Michael: “Let’s start with: ‘Really pay attention – that’s what listening is all about’. Do explain that to us.”

Evelyn: “Listening is the thing that glues us all together and I do feel that listening has to start from within. It’s nothing mysterious or zenlike, it’s not attached to religion or anything like that – it’s simply a function that we are all able to do. We all have access to it, and the opportunity. I feel in order to slow our bodies down a bit, we have to pay attention. That’s what listening is. When I glue one note to another note, when I play music, that’s what listening is.”

Evelyn on...

Carving a unique path: “I wanted to be a solo percussionist; this did not exist on a full-time basis.
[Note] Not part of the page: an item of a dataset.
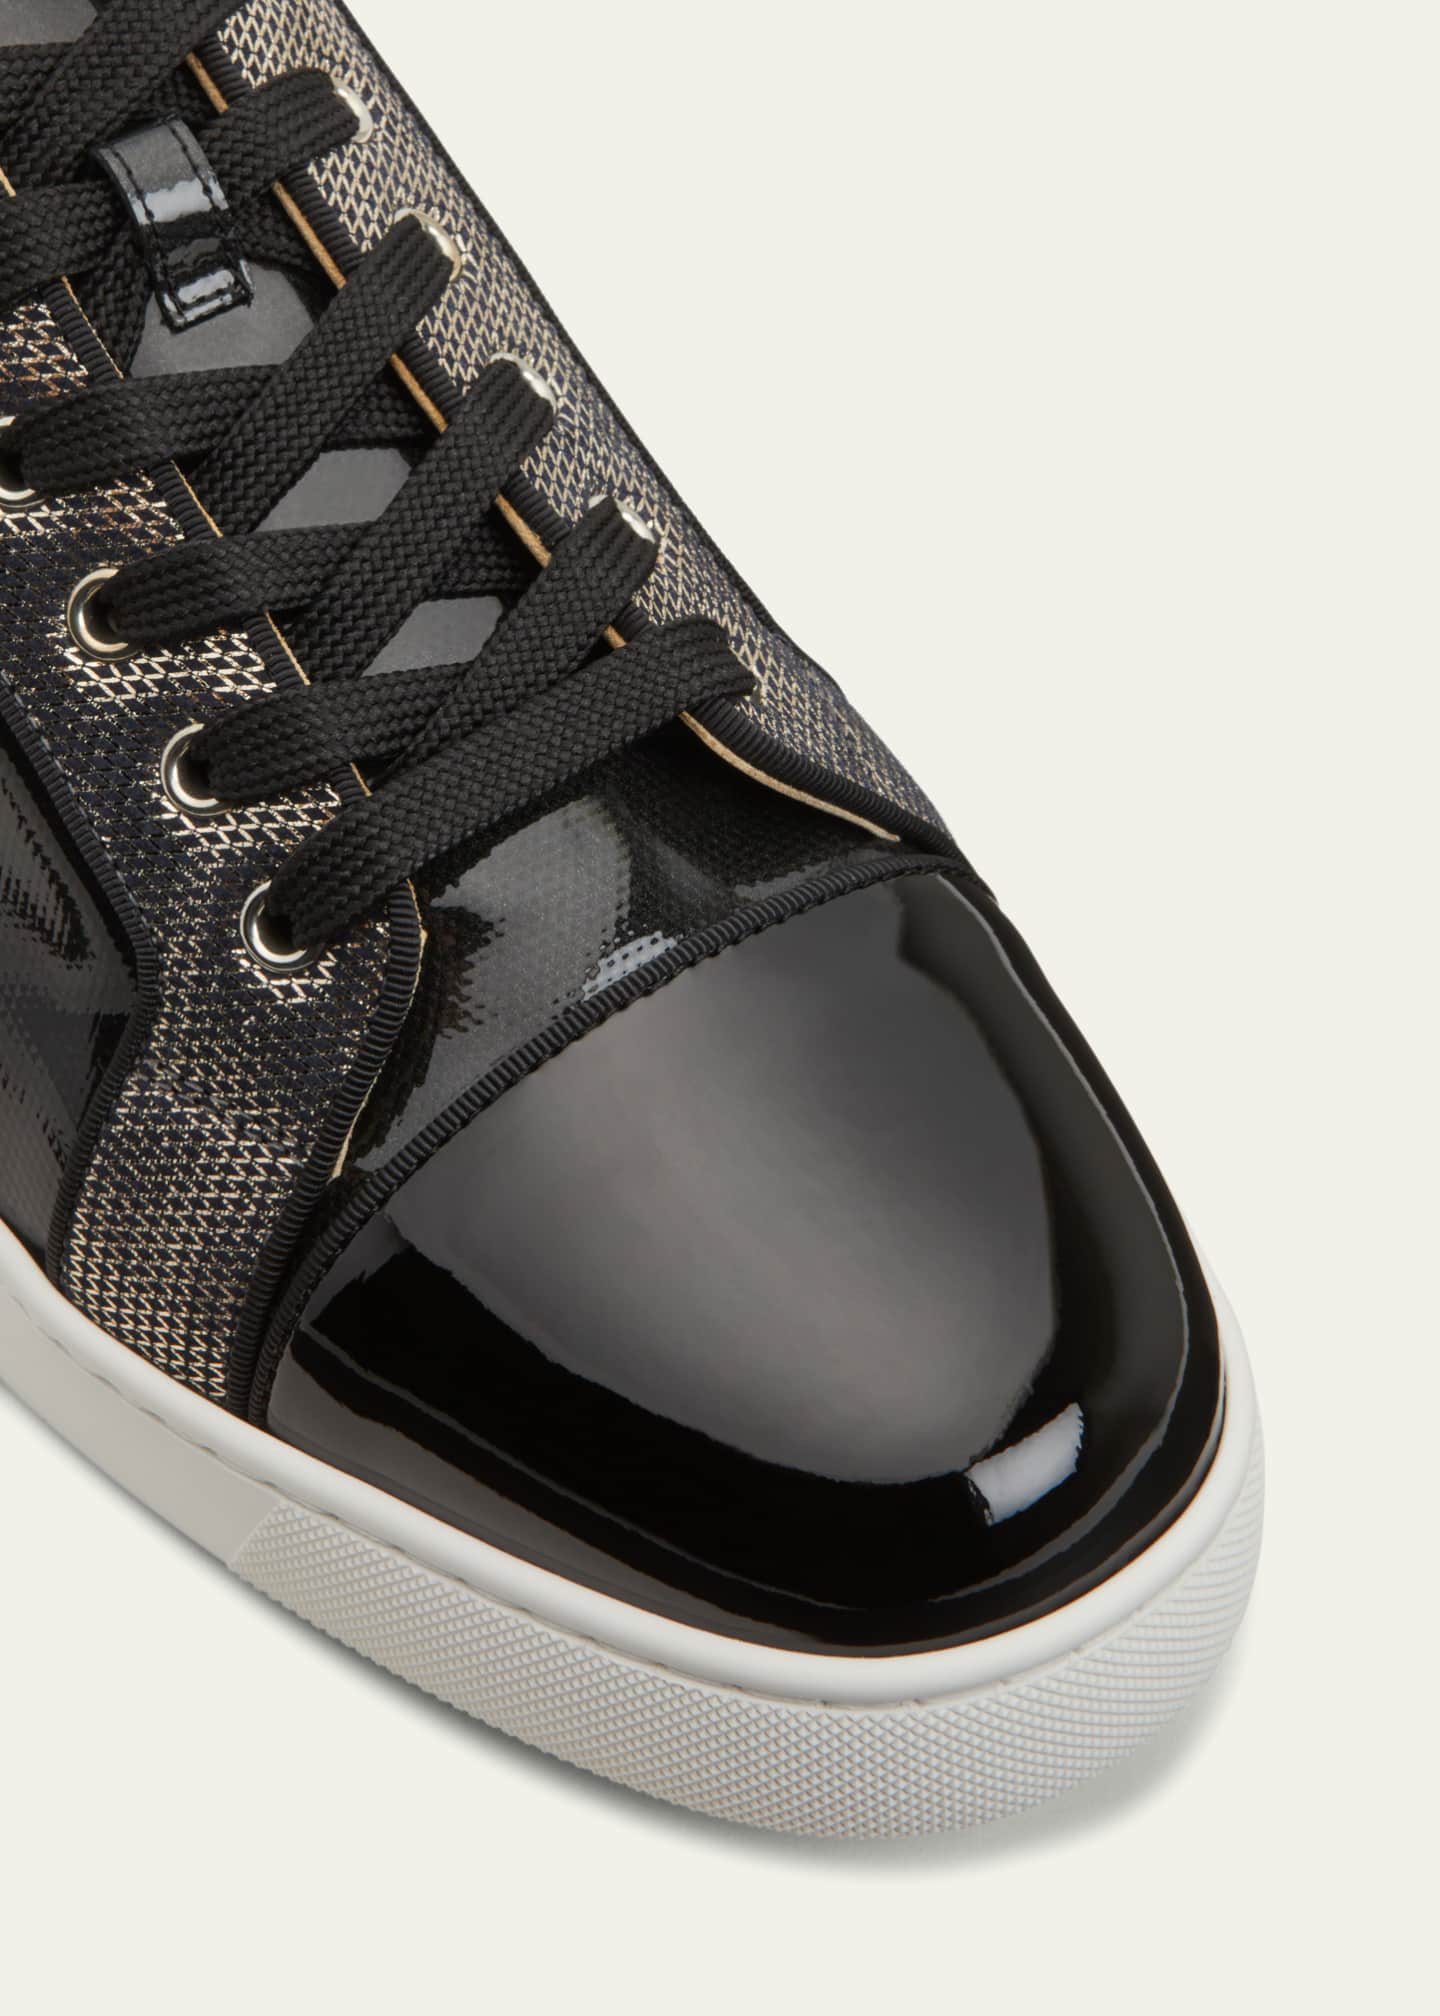 Louboutin Men's Junior Patent Leather Low-Top Sneakers Bergdorf Goodman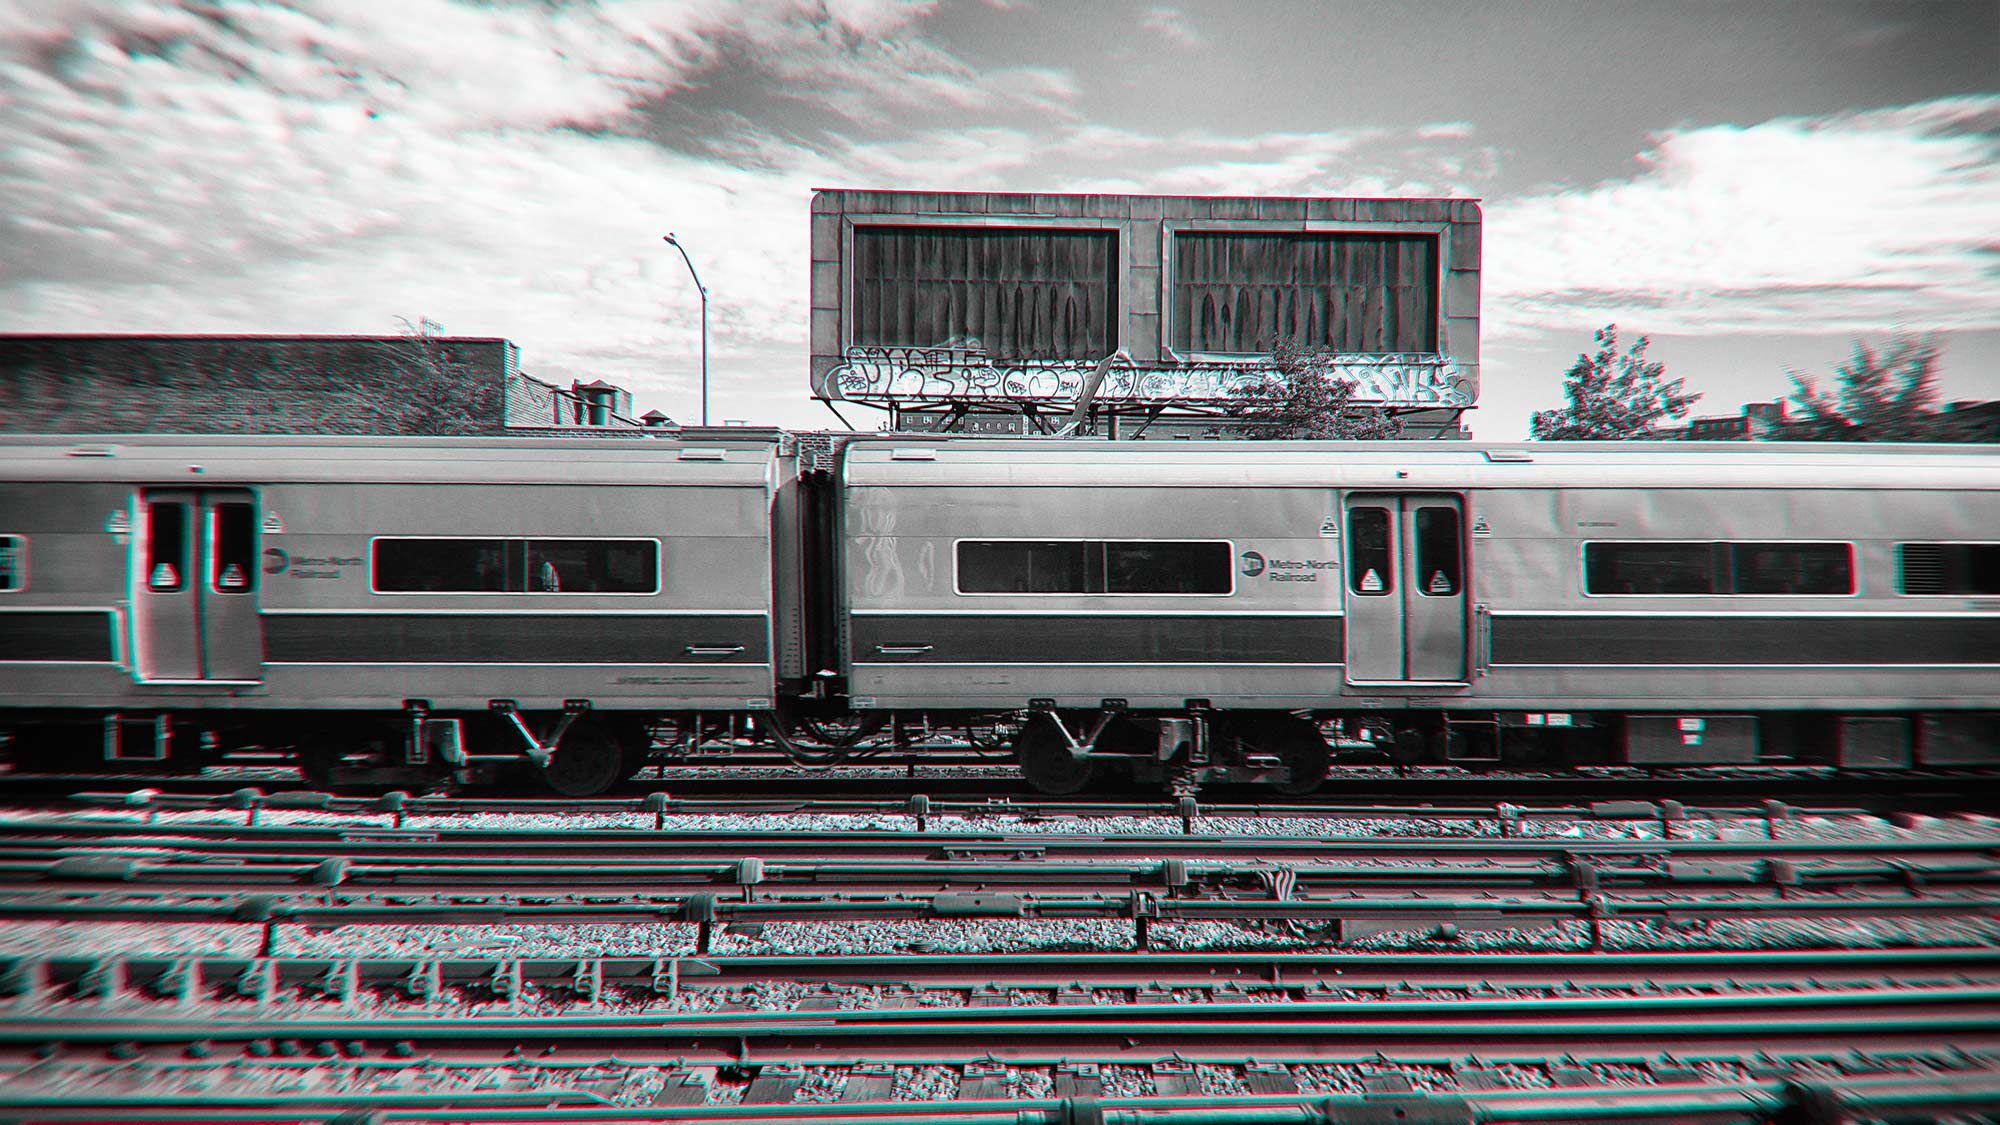  Train ©2017 bret wills

So that was completely about listening to my gut instinct… How do I imagine the repertoire that doesn’t even exist yet in order to sustain this career?”

Rejection: “If [the Royal Academy of Music] refuses me for [my deafness] as opposed to the ability to perform, and to understand, and love the art of creating sound, then we have to think very, very hard about the people you do actually accept.”

Career longevity: “It takes time, discovery and curiosity; it takes all the ups and downs to give you that experience and resilience. With listening you’re always trying to engage with a story – we all have a story to tell.”

The importance of detail: “When I began to lose my hearing, I found myself really paying attention to minute detail that didn’t necessarily create sound; someone’s face, how their eyes moved, what the mouth was doing, the hand gestures and so on.”

Evelyn’s Lockdown List

What are you watching? Past videos of the great Jazz drummer Jack DeJohnette.

Who is your biggest inspiration? My dad, because it was what he didn’t say that was important.

Best tip for life? Listen to yourself.